Combining the two cases, every nonzero codeword of $C_1 \mid C_2$ has weight at least $\min\{2 d(C_1), d(C_2)\}$, so
\begin{align*}
d(C_1 \mid C_2) \geq \min\{\,2\, d(C_1),\ d(C_2)\,\}.
\end{align*}
[guided]
The split on $y = 0$ versus $y \neq 0$ is forced by where the minimum-weight codeword can sit. When $y = 0$, the concatenation is a perfect copy $(x \mid x)$ so the weight simply doubles $w(x)$, and minimising over $x \in C_1 \setminus \{0\}$ gives the factor $2\, d(C_1)$. When $y \neq 0$, the second half $x + y$ differs from the first half $x$, and the weight budget is split between them; the Hamming triangle inequality lets us trade two separate weights $w(x), w(x+y)$ for a single sum-weight $w(y)$.

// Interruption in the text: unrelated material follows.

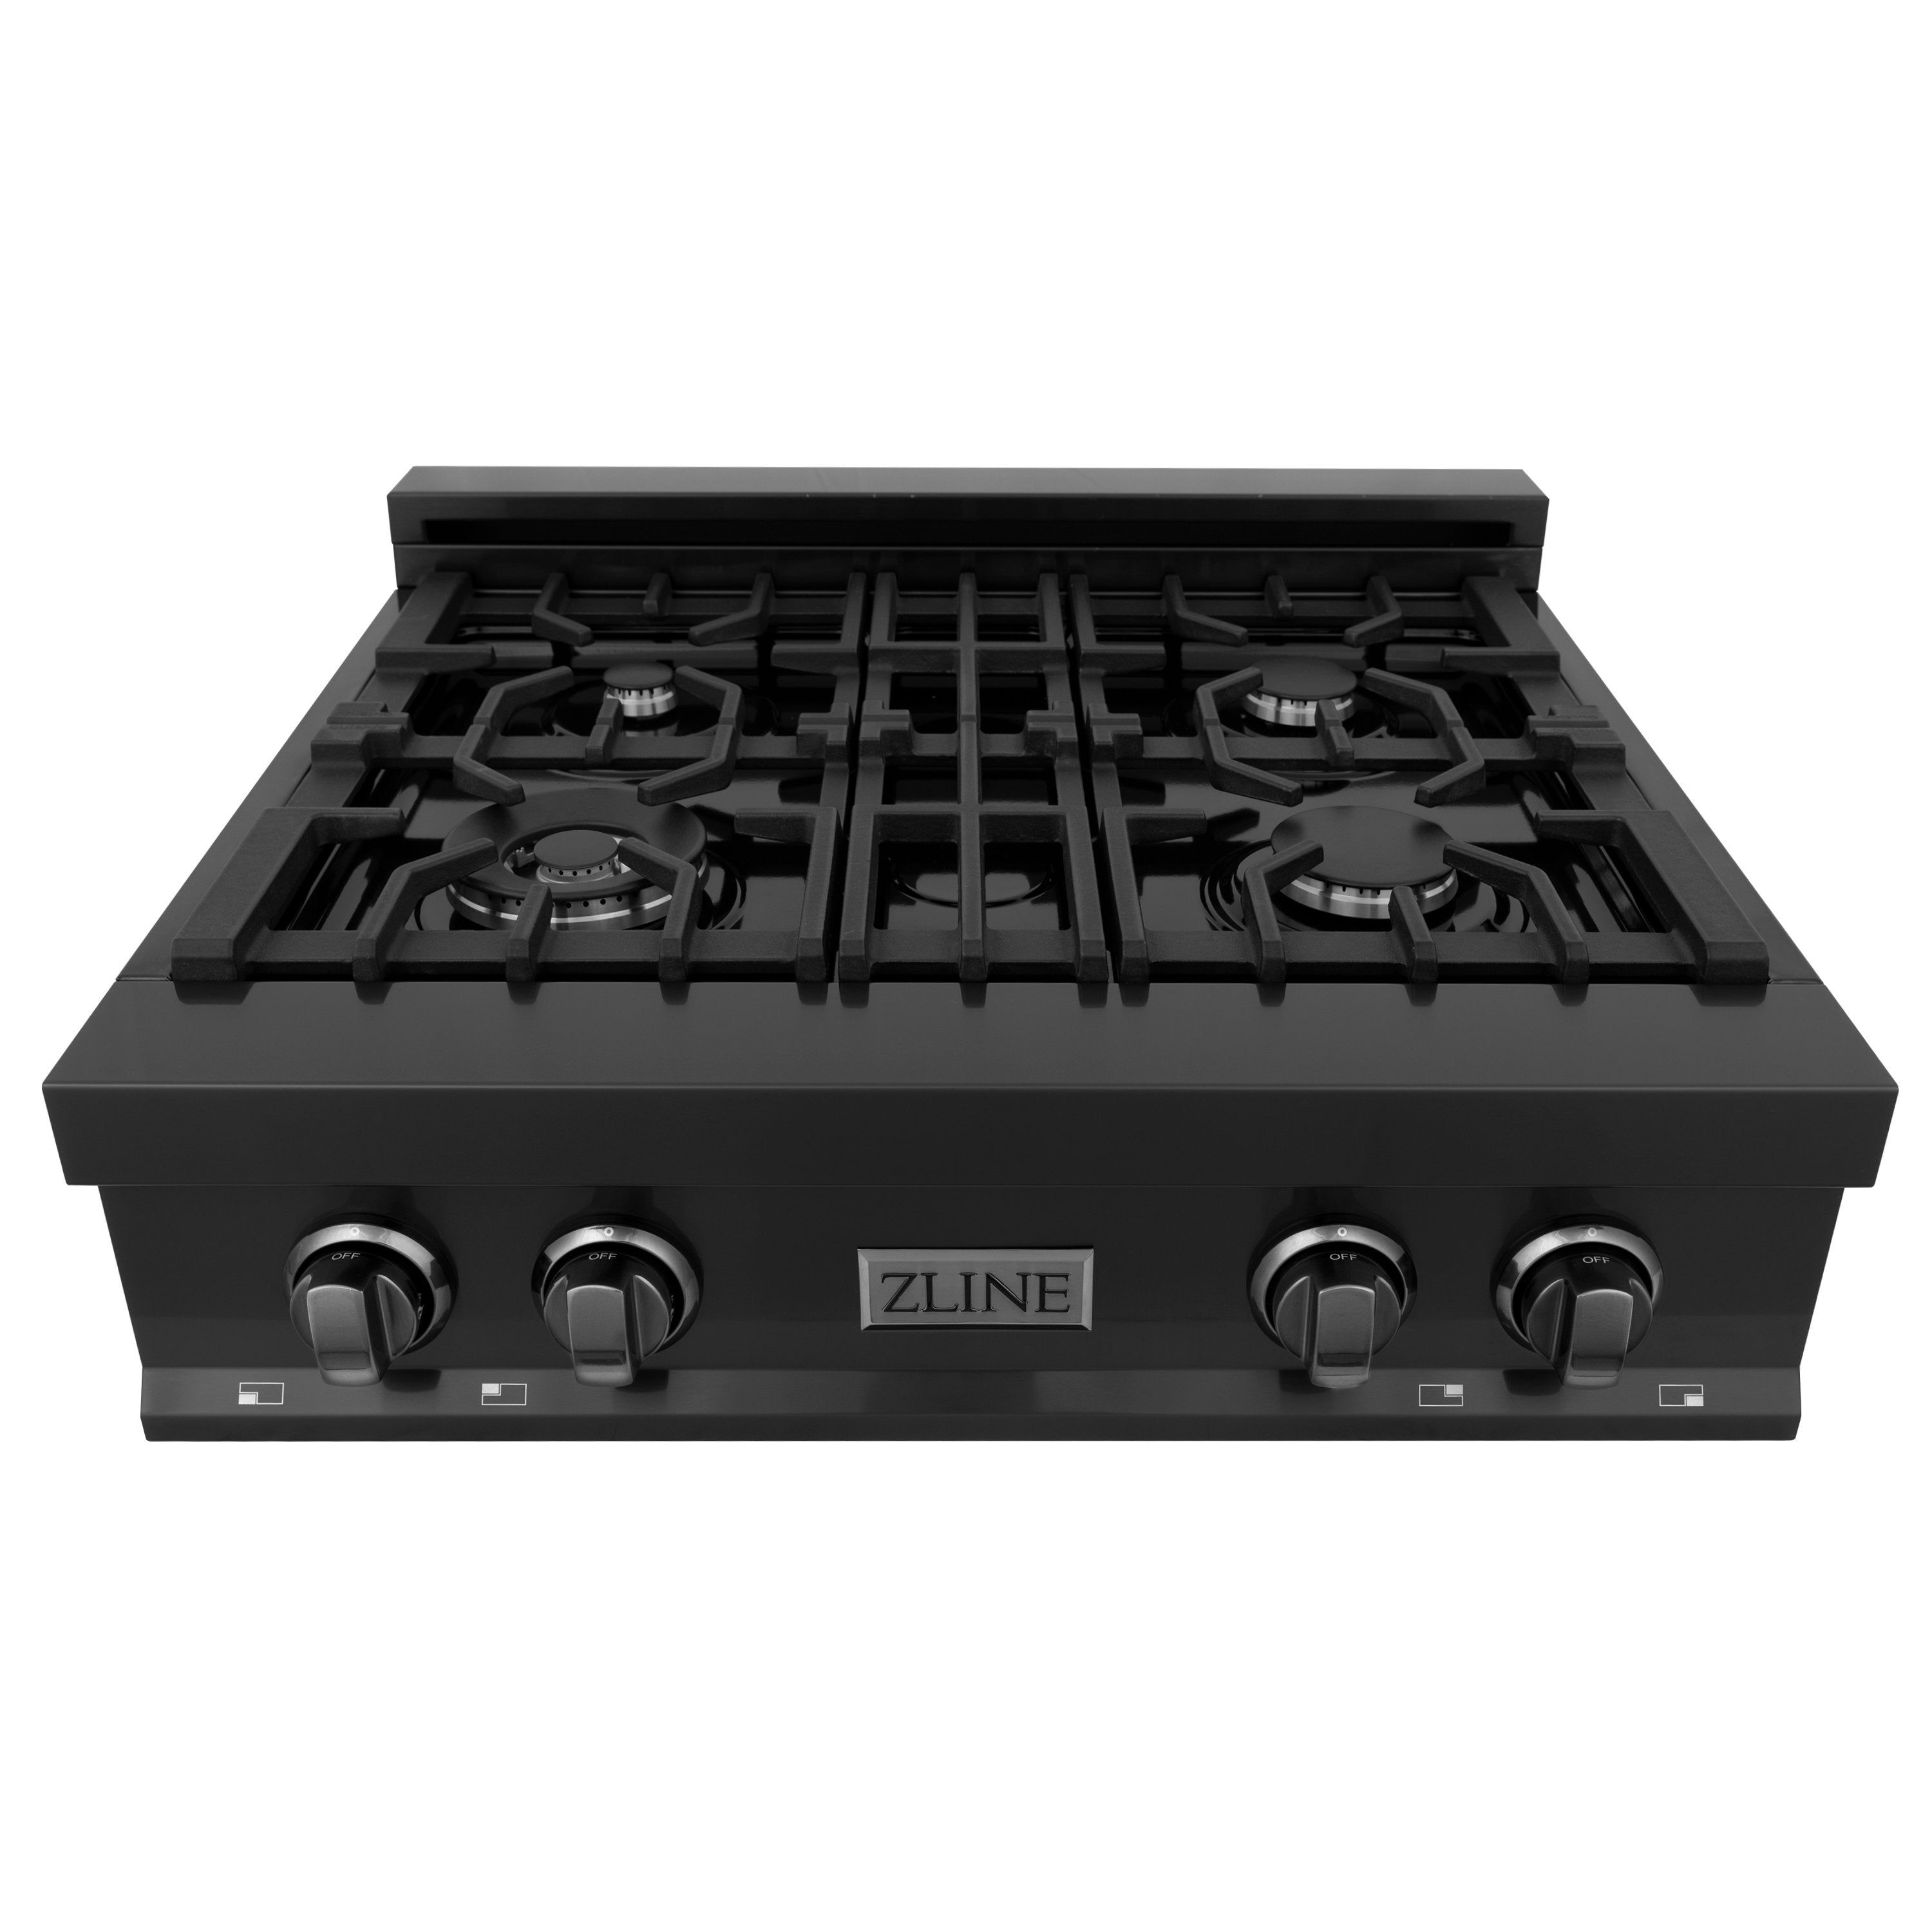 Therangehoodstore.com, ZLINE 30 in. Porcelain Rangetop in Black Stainless with 4 Gas Burners (RTB), RTB-30,

A common pitfall: one might hope the bound is $d(C_1) + d(C_2)$ or $\min\{d(C_1), d(C_2)\}$ by looking at the two halves naively. It is neither. The doubling factor for $C_1$ comes from the redundant copy of $x$ in both halves, and the $d(C_2)$ floor — not doubled — comes from the fact that $y$ appears only in the second half.
[/guided]
[/step]
[step:Prove the upper bound $d(C_1 \mid C_2) \leq \min\{2 d(C_1), d(C_2)\}$]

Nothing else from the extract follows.